As a Brünnhilde used to Knappertsbusch in the 1950s there’s occasionally a sense that Astrid Varnay feels things a little slower in Die Walküre than Kempe (the War Cry, declarations in the Todesverkündigung). But she still carries terrific authority, top notes are given out with great confidence and her control and use of text (subtly manipulative in her final debate with Wotan) remain exceptional. Then star of the moment Birgit Nilsson was actually the same age as Varnay, although only allowed to debut as the Festival’s Brünnhilde in 1960. She is in fresh, incisive voice – although not without the odd tuning glitch (a problem of the house’s unique stage/pit relationship?). She certainly makes a grand sound when it counts but is some way from the emotional understanding of the role (or of Isolde) she was to achieve later in the decade with Karl Böhm and Wieland Wagner.
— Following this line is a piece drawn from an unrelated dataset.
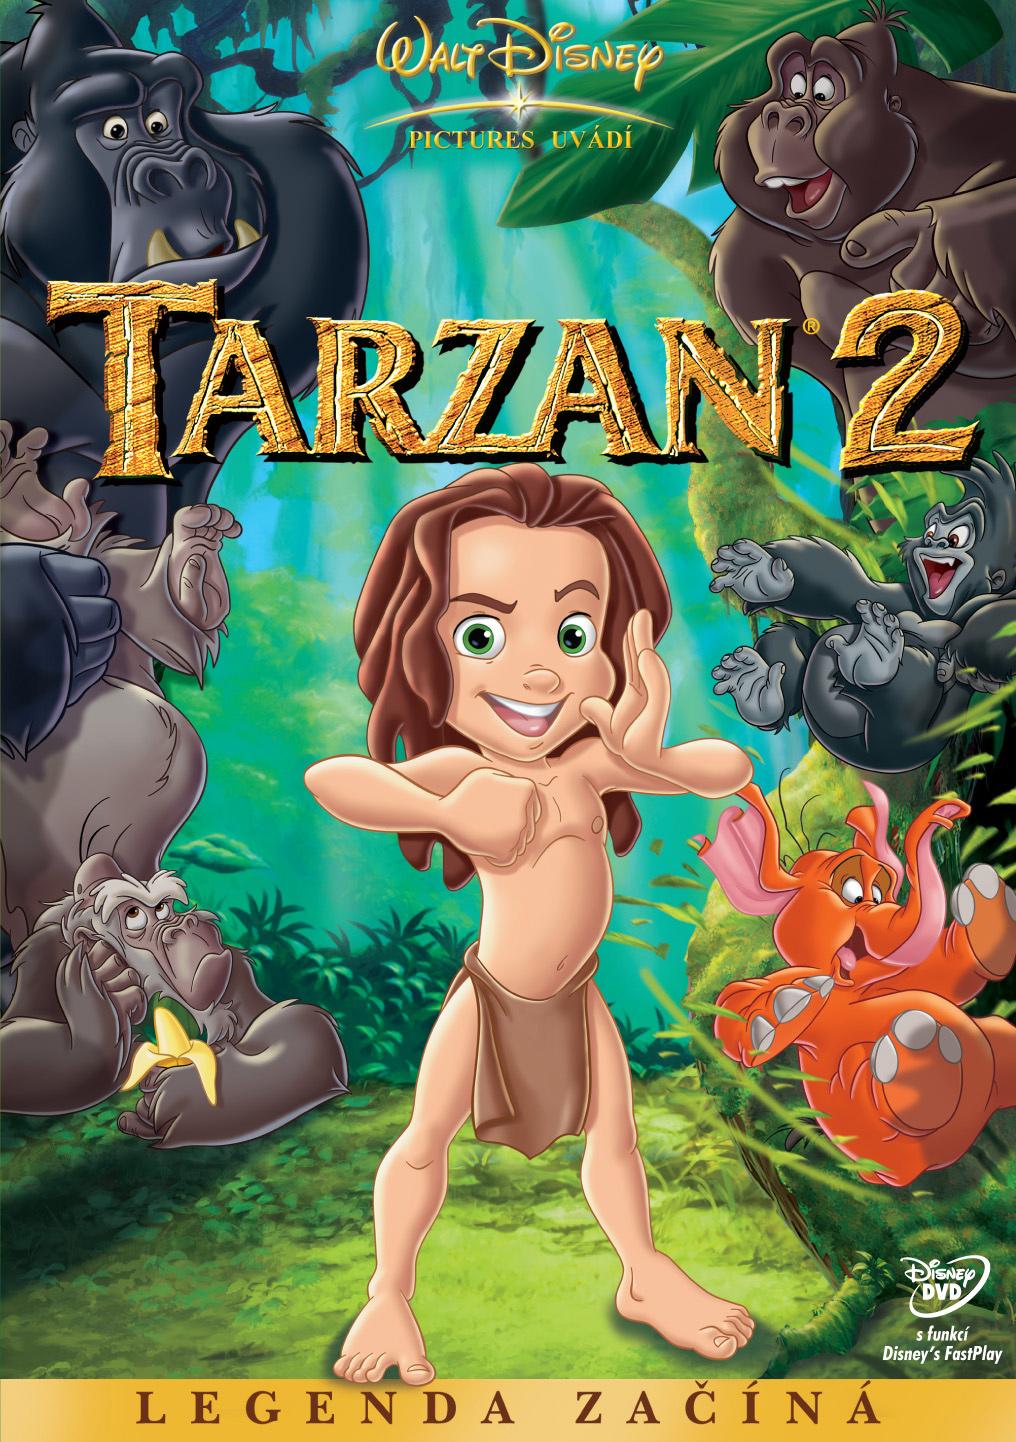 Spustit online film zdarma Tarzan 2

Early death took the young Canadian baritone James Milligan away from the German repertoire’s Heldenbariton roles in prospect after recording Walton and Sullivan under Malcolm Sargent. His Bayreuth debut as the third Wotan was ecstatically praised. Yet, while the high tessitura of the Wanderer holds no problems for him and he shows evident vocal energy and drive in Wagner’s long lines, he sounds actively too young and his characterisation is that of a beginner. Jerome Hines’s Wotans are likewise technically well achieved and paced but lacking in the Shakespearean detail of Hans Hotter. It’s all rather plain Jane – try in Die Walküre the continuing crises of Act 2 with Fricka and then his ‘confession’ to Brünnhilde: good solid vocalism but little colour or intent.
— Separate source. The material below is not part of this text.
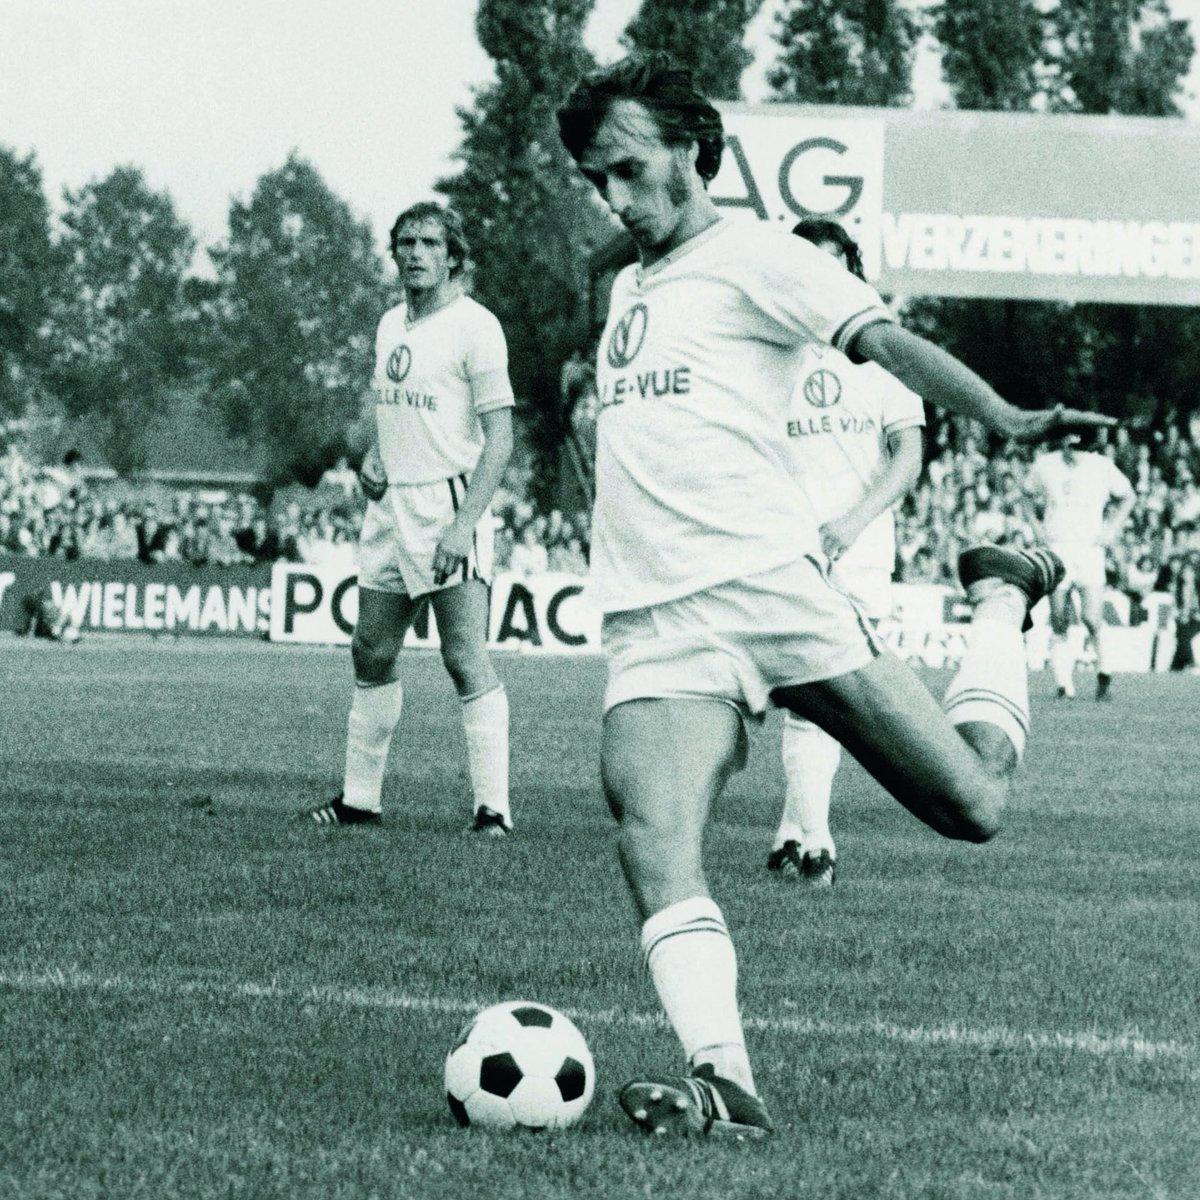 One of RSCA's true legends has sadly passed away. Prachtige voetballer, clubicoon ...l'homme serpent, le plus bel ailier gauche qu'ait connu le Sporting ... Veel sterkte aan de familie en aan iedereen die dicht bij hem stond. RIP Robbie Rensenbrink #LEGEND https://t.co/CI8Nkw0iw4

Hans Hopf’s timbre is an acquired taste but his Siegfried is strong, well paced and rhythmically alert. Fritz Uhl’s Siegmund, in this acoustic, sounds much more of the genuine article than he did as Decca’s first Tristan. Gerhard Stolze’s Loge is acutely acted and timed, and (as yet) devoid of the vocal mannerisms that cloud his famous records for Solti and Karajan. Herold Kraus is an affecting and unhackneyed Mime. The contribution (aka tasteful controlling hand) of conductor Kempe is most audible in these performances, as it is in his continued championing of the Czech exile Otakar Kraus as Alberich. Not in the gruff vocal tradition of Gustav Neidlinger, Zoltán Kelemen or Ekkehard Wlaschiha, Kraus may sound less black than these Nibelung rivals but he is not a whit less evil or frightening. Kempe’s hand surely can also be felt in the casting of Marga Höffgen as Erda – her more mezzo-soprano than contralto tones permitting a huge amount of text to come over clearly – and the lyrical beauty of the smaller female roles, not to mention Régine Crespin’s vulnerable Sieglinde.